Георгий, и точно, был занят три дня. Взяв напрокат машинку «Москва» с визгливой кареткой, он впервые печатал на мансарде сомнительный этюд, где главный герой шлет любимой торт, потом тридцать телеграмм, потом девочку без мальчика с цветами. Этюд вышел немного натянутым, торопливым, как проза «Юности», да неважно. Важна была дата под ним — два года назад. Ее он от бил с особенным усердием, сильно вдавив палец в клавишу верхнего регистра.
21На Спасской башне часы, молитвенно сложив руки, как в деисусном чине, показали десять минут третьего. Георгий редко захаживал сюда посреди дня, но сегодня, сдав машинку в прокат на улице 25 Октября, решил прогуляться по брусчатке.

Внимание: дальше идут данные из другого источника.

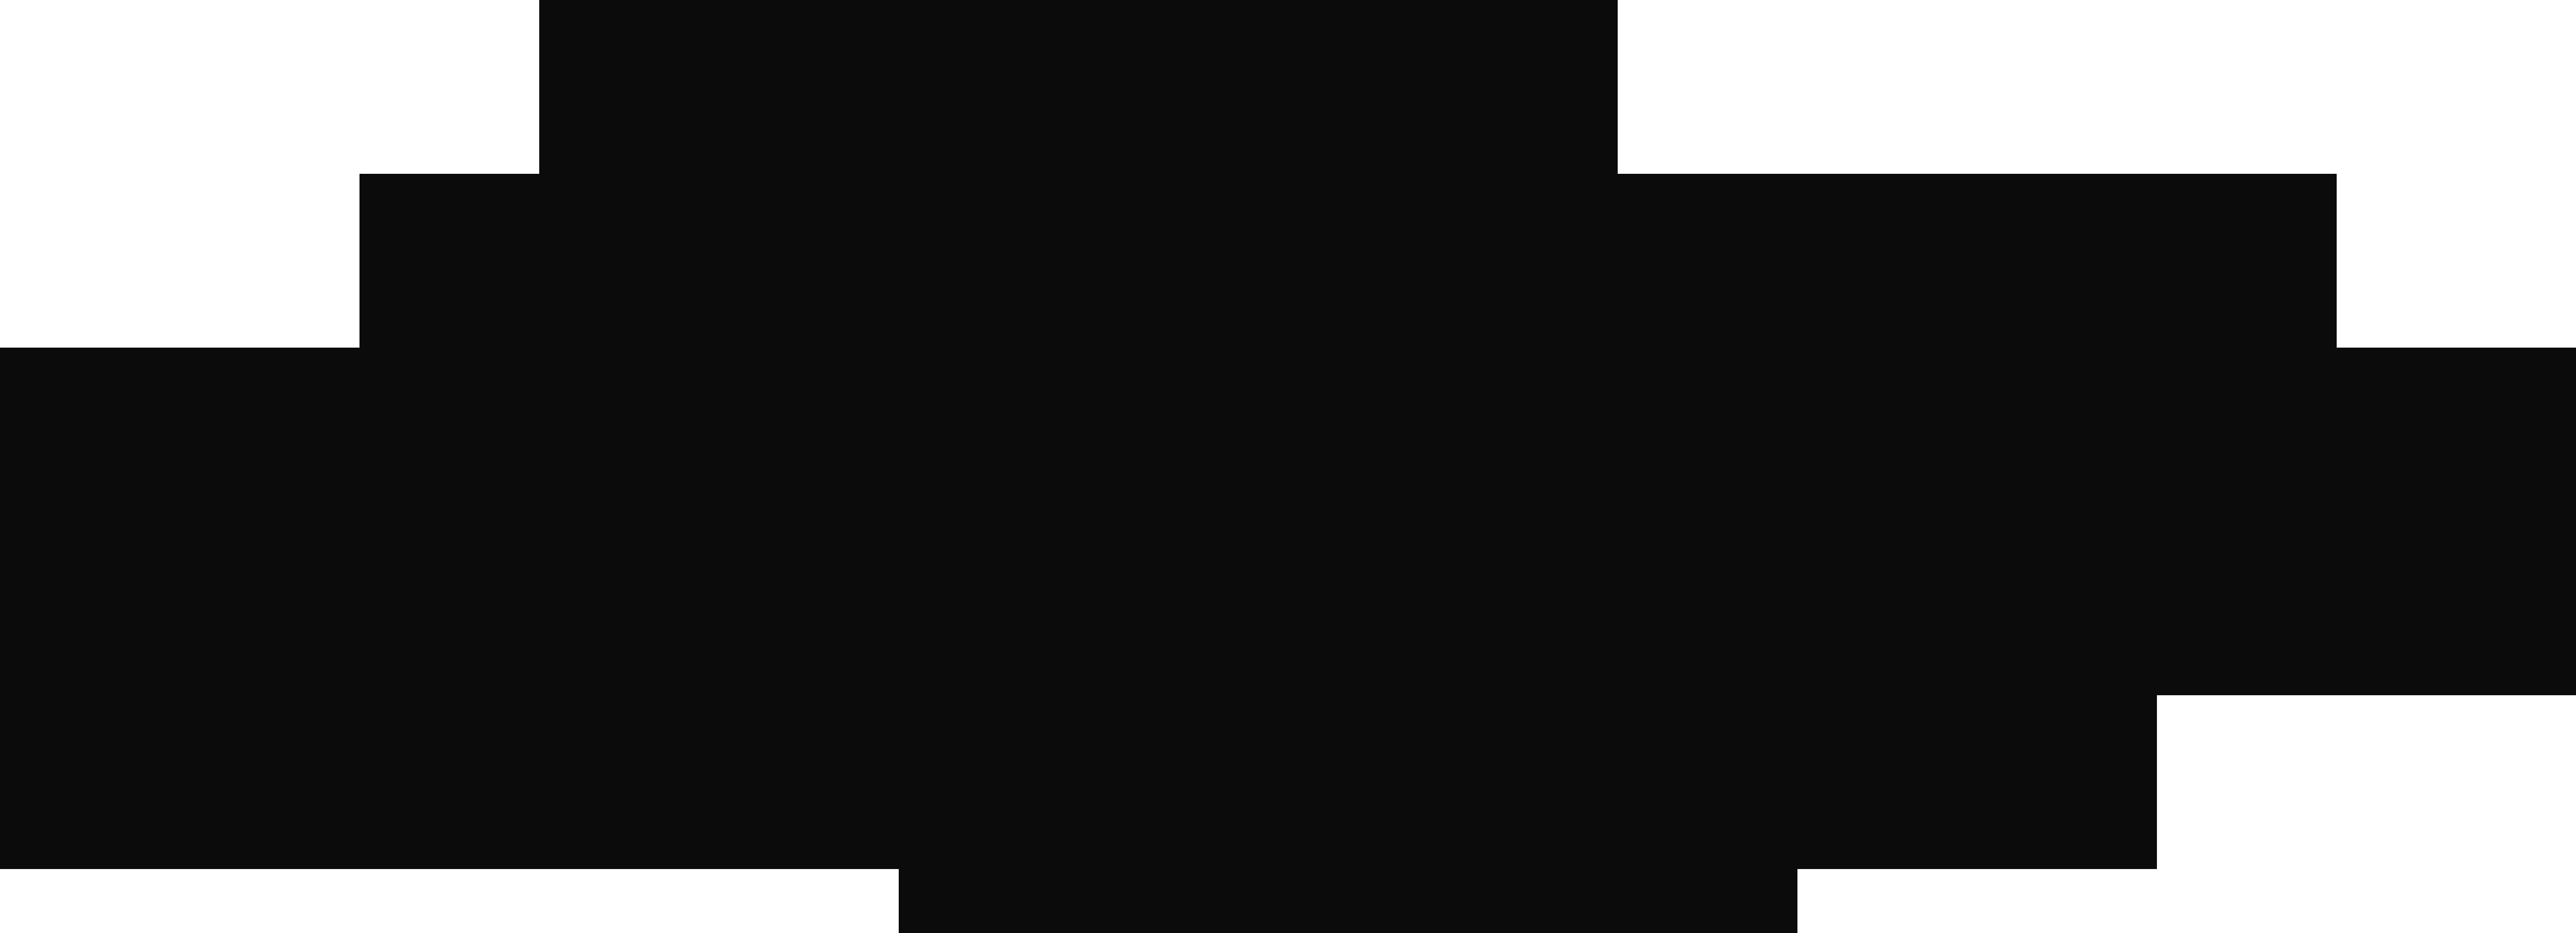 CLI_Texture_Gray-1

Кого только не встретишь на Красной площади в разгаре дня! Здесь и финн, до которого дошел слух, и друг степей калмык — вместе любуются сердцем Родины моей. Здесь люди Невского проспекта, с немного смущенной душой, ждут смены почетного караула, которую прозевали в четырнадцать часов; их ленинградскому сердцу мила строгая стать часовых, но еще больше хочется поглядеть, как придет эта стать в движение. Здесь дети очарованно и громко допытываются у пап, как называется автомат у часового — ружье или пулемет, и папа шепотом отвечает — винтовка, хотя понятно, что карабин. Здесь все возрасты, все профессии, а также люди без определенных профессий и возрастов. Там и сям стройными кучками мелькают запоздавшие зеленые стройотрядовские куртки по 12 рублей со скидкой, и на рукаве каждой гордо светится название института: НГУ — Новосибирский государственный, ОИИВТ — Одесский инженеров водного транспорта, ДВИИЯ — Дальневосточный иностранных языков, ВИИЛиВХ — не каждый и расшифрует. А вот еще институт — МИМО — тут другой случай. Этого — где только не знают, в каких медвежьих углах Отечества! И кто только не возьмется с ходу набросать лицо таинственного вуза, и не только что лицо, а и другие места — до самых укромных спустятся. Впрочем, тут все — интим. Такого наговорят, так расставят «все точки на дыбы», по выражению Арсланбека, что только плюнешь да покрутишь пальцем, где следует. Но самое ценное, — что находится институт как раз под территорией Кремля, в бункере, как доказывал моему приятелю в поезде дорвавшийся буровик-исследователь газонефтяных скважин Средней Оби, как он отрекомендовался.